Task prompt → Type out the complete listing below word for word, without its pictures.

[Opening Material provided section]

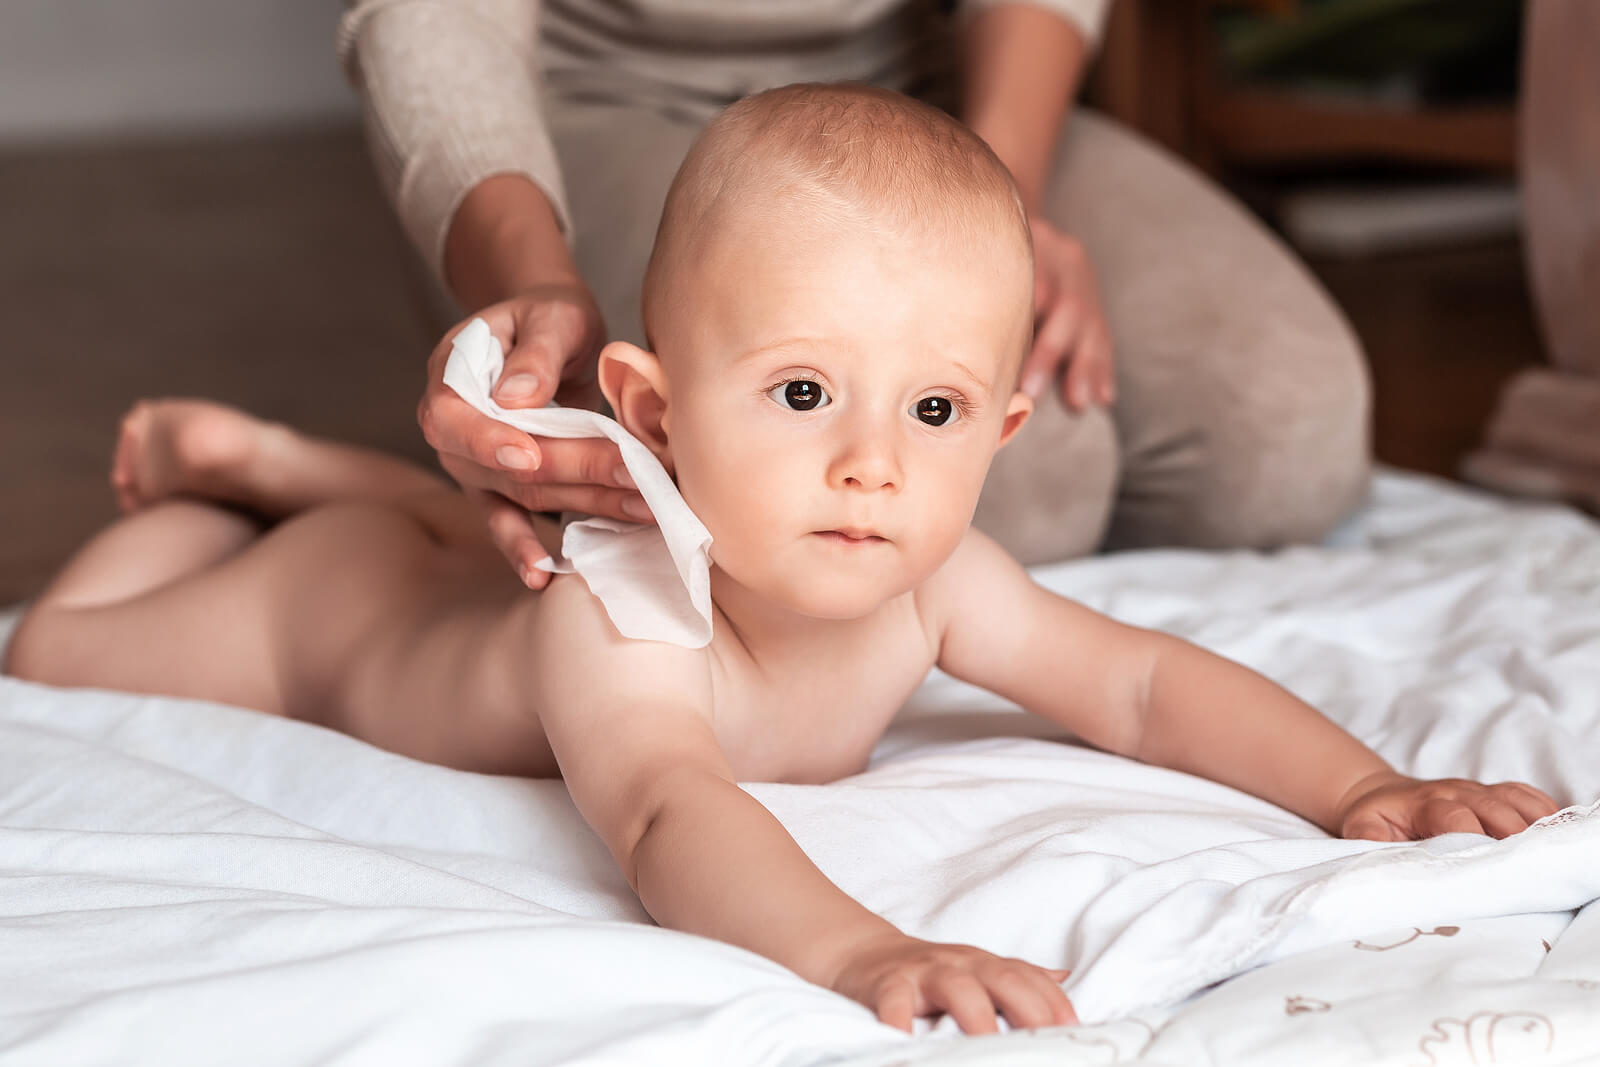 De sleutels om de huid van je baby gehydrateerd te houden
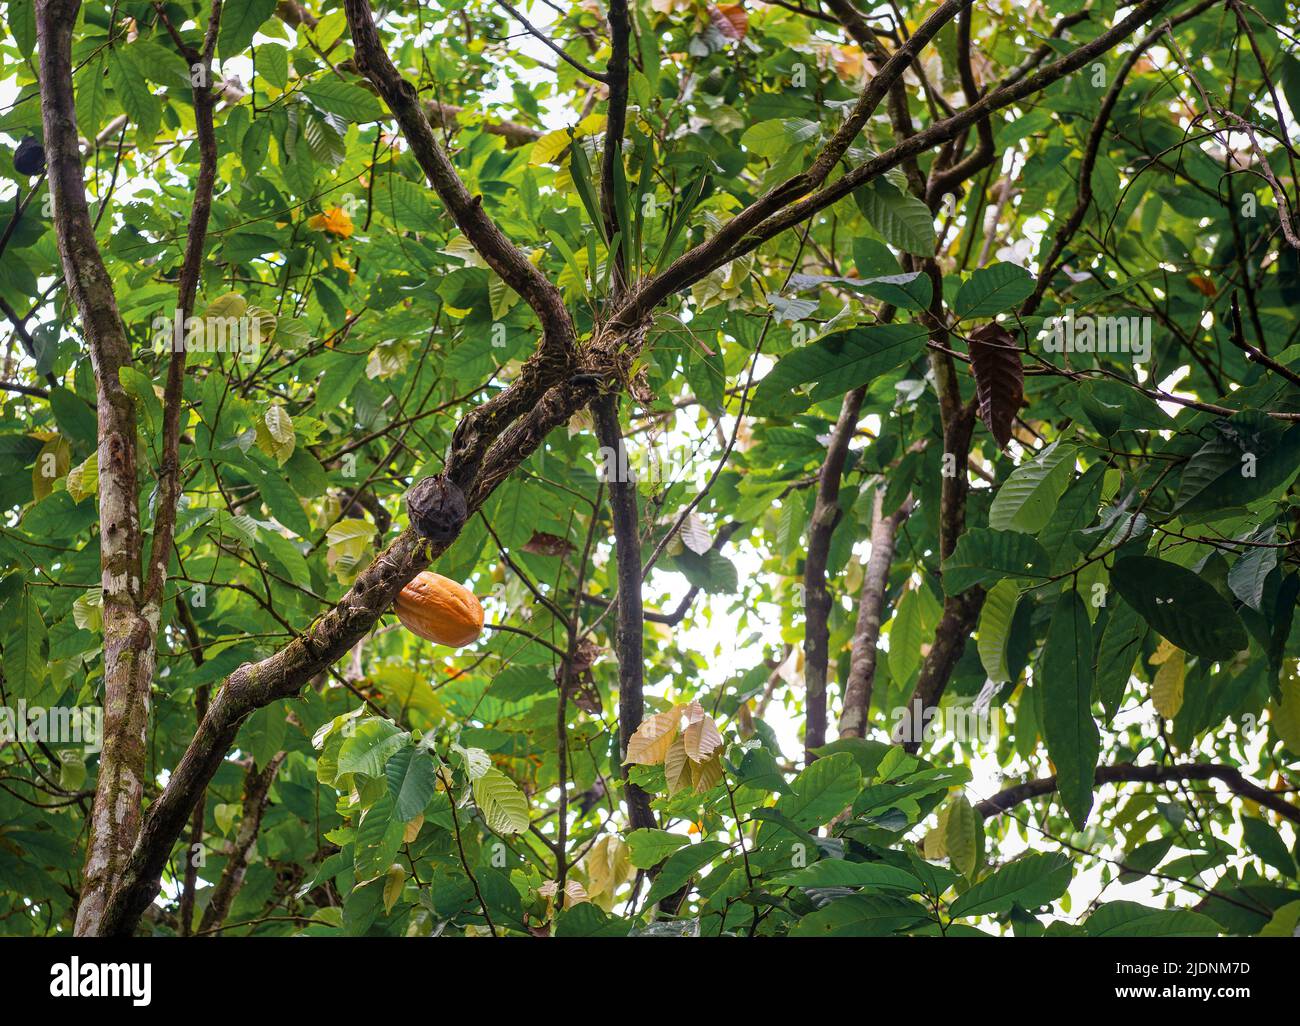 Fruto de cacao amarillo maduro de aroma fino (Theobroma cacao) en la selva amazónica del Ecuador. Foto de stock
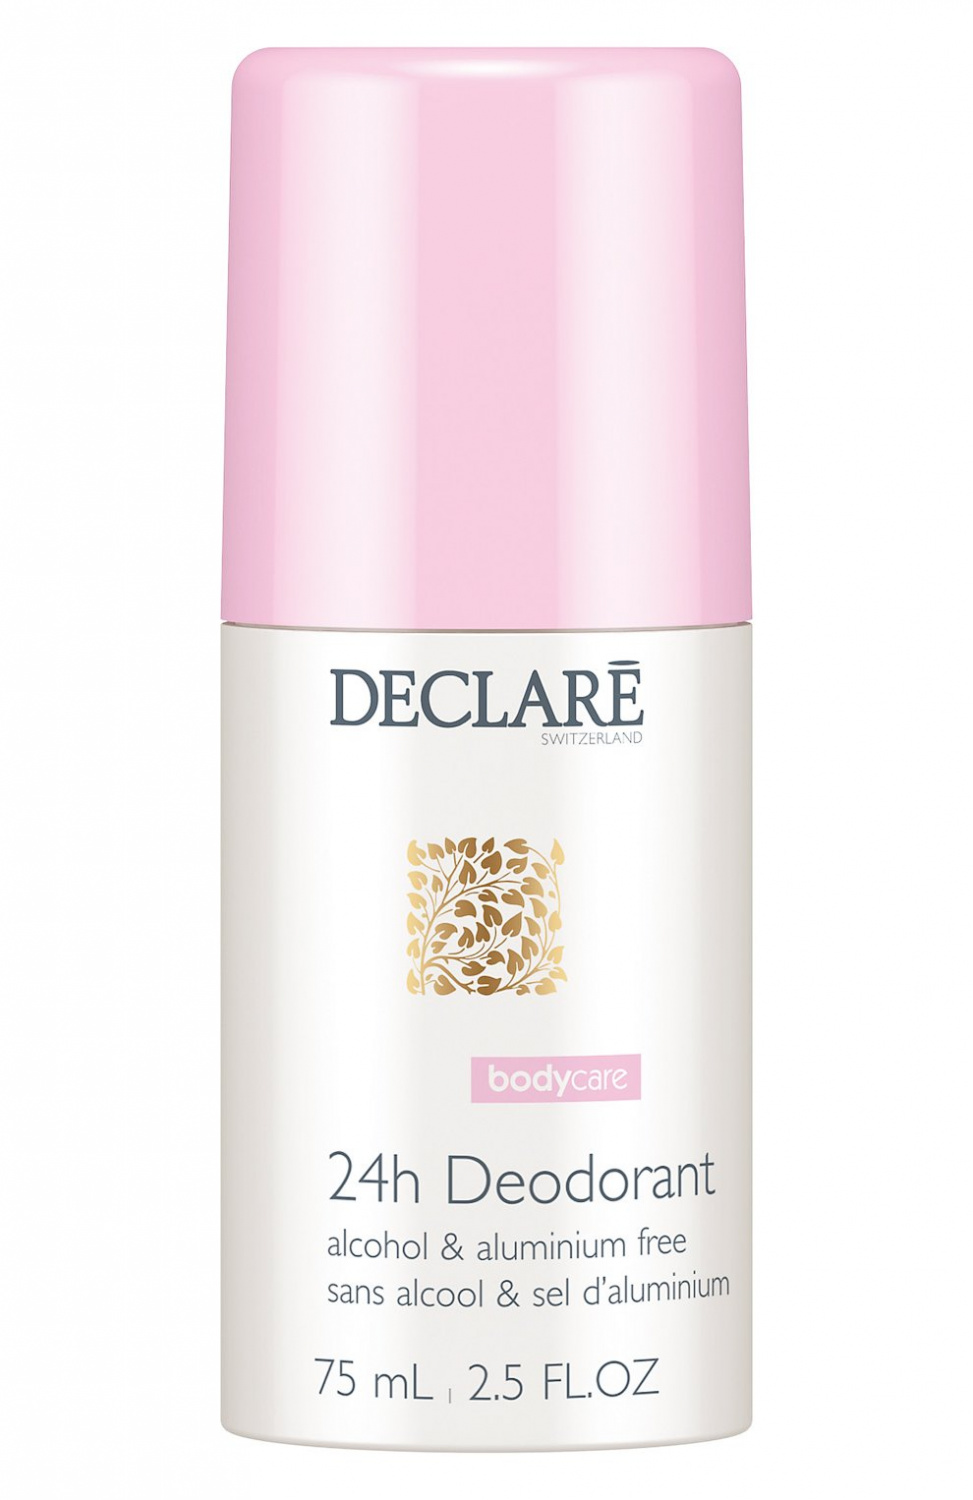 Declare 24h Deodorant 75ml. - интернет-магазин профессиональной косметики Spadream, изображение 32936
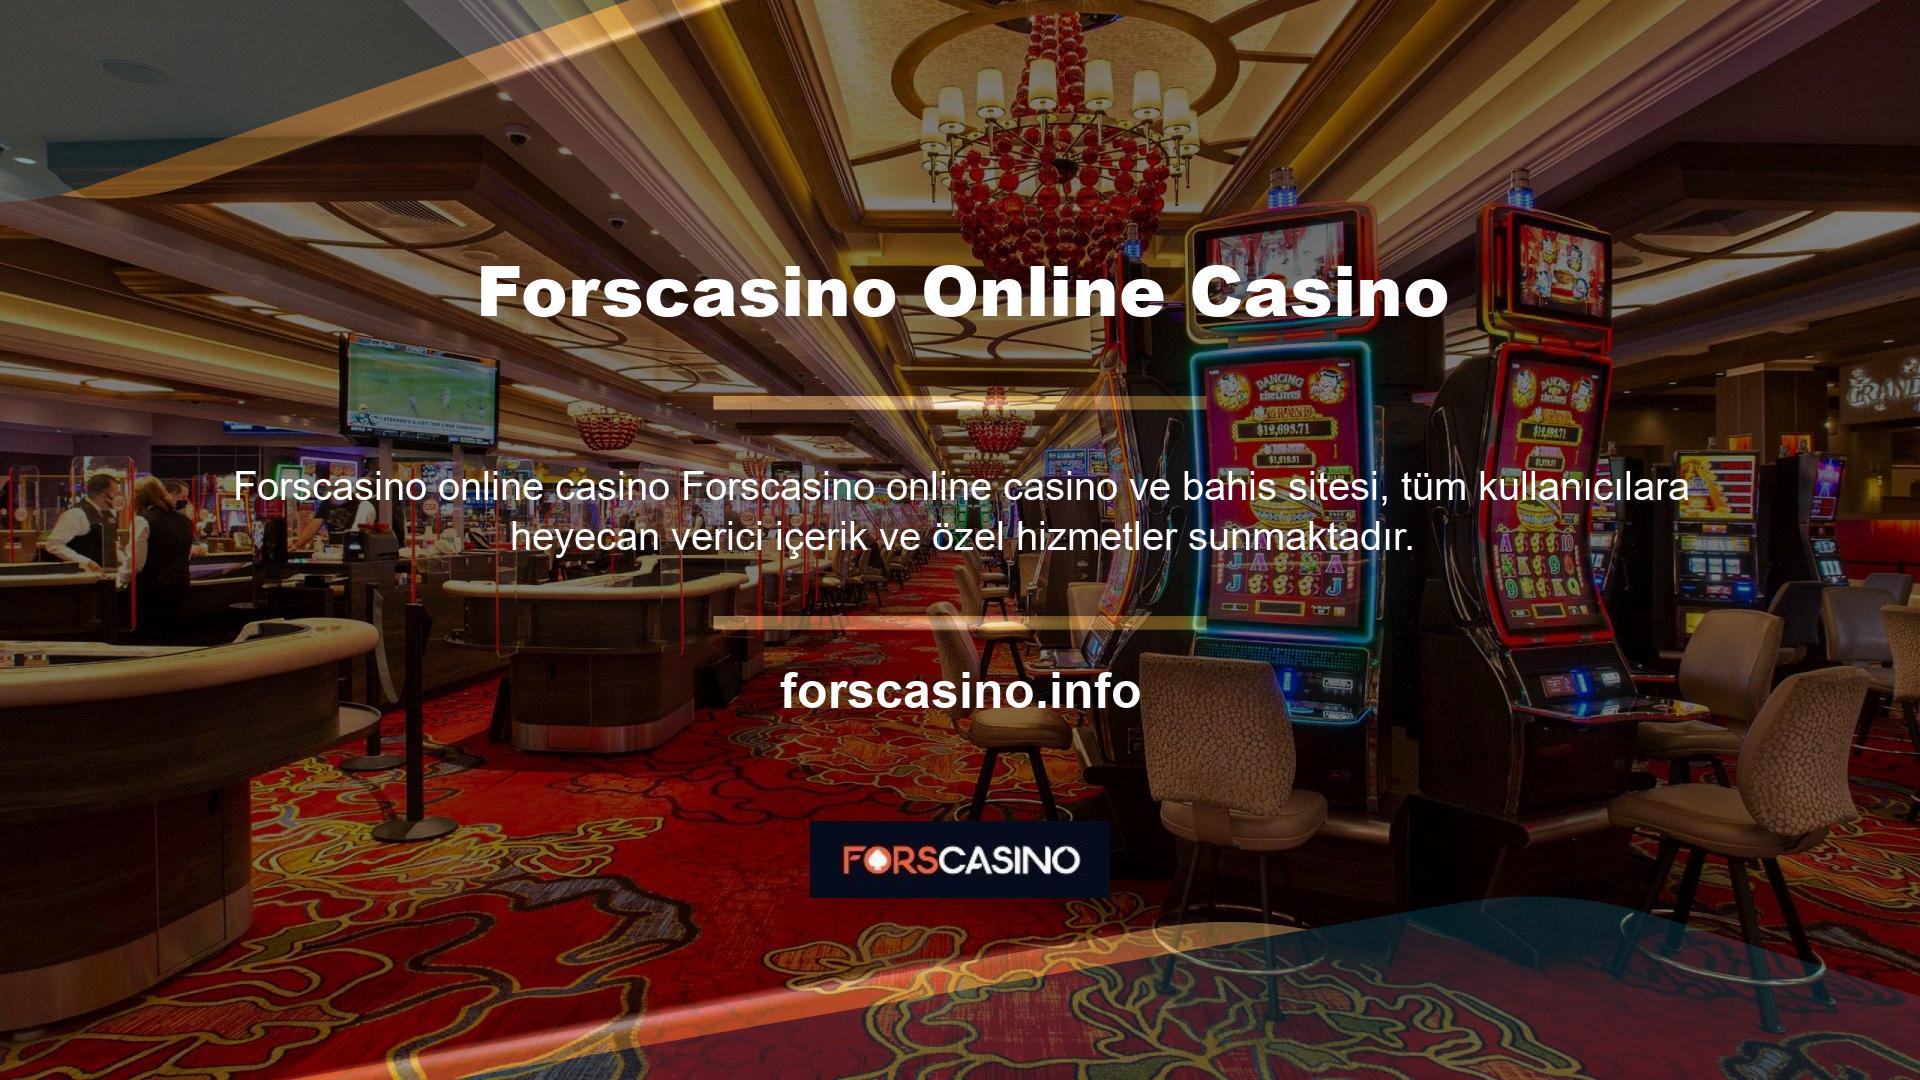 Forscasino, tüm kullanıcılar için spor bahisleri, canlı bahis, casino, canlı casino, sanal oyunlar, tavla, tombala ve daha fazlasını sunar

[Closing Material provided section]

Written response →
 De sleutels om de huid van je baby gehydrateerd te houden
 Fruto de cacao amarillo maduro de aroma fino (Theobroma cacao) en la selva amazónica del Ecuador. Foto de stock
 Declare 24h Deodorant 75ml. - интернет-магазин профессиональной косметики Spadream, изображение 32936
 Forscasino, tüm kullanıcılar için spor bahisleri, canlı bahis, casino, canlı casino, sanal oyunlar, tavla, tombala ve daha fazlasını sunar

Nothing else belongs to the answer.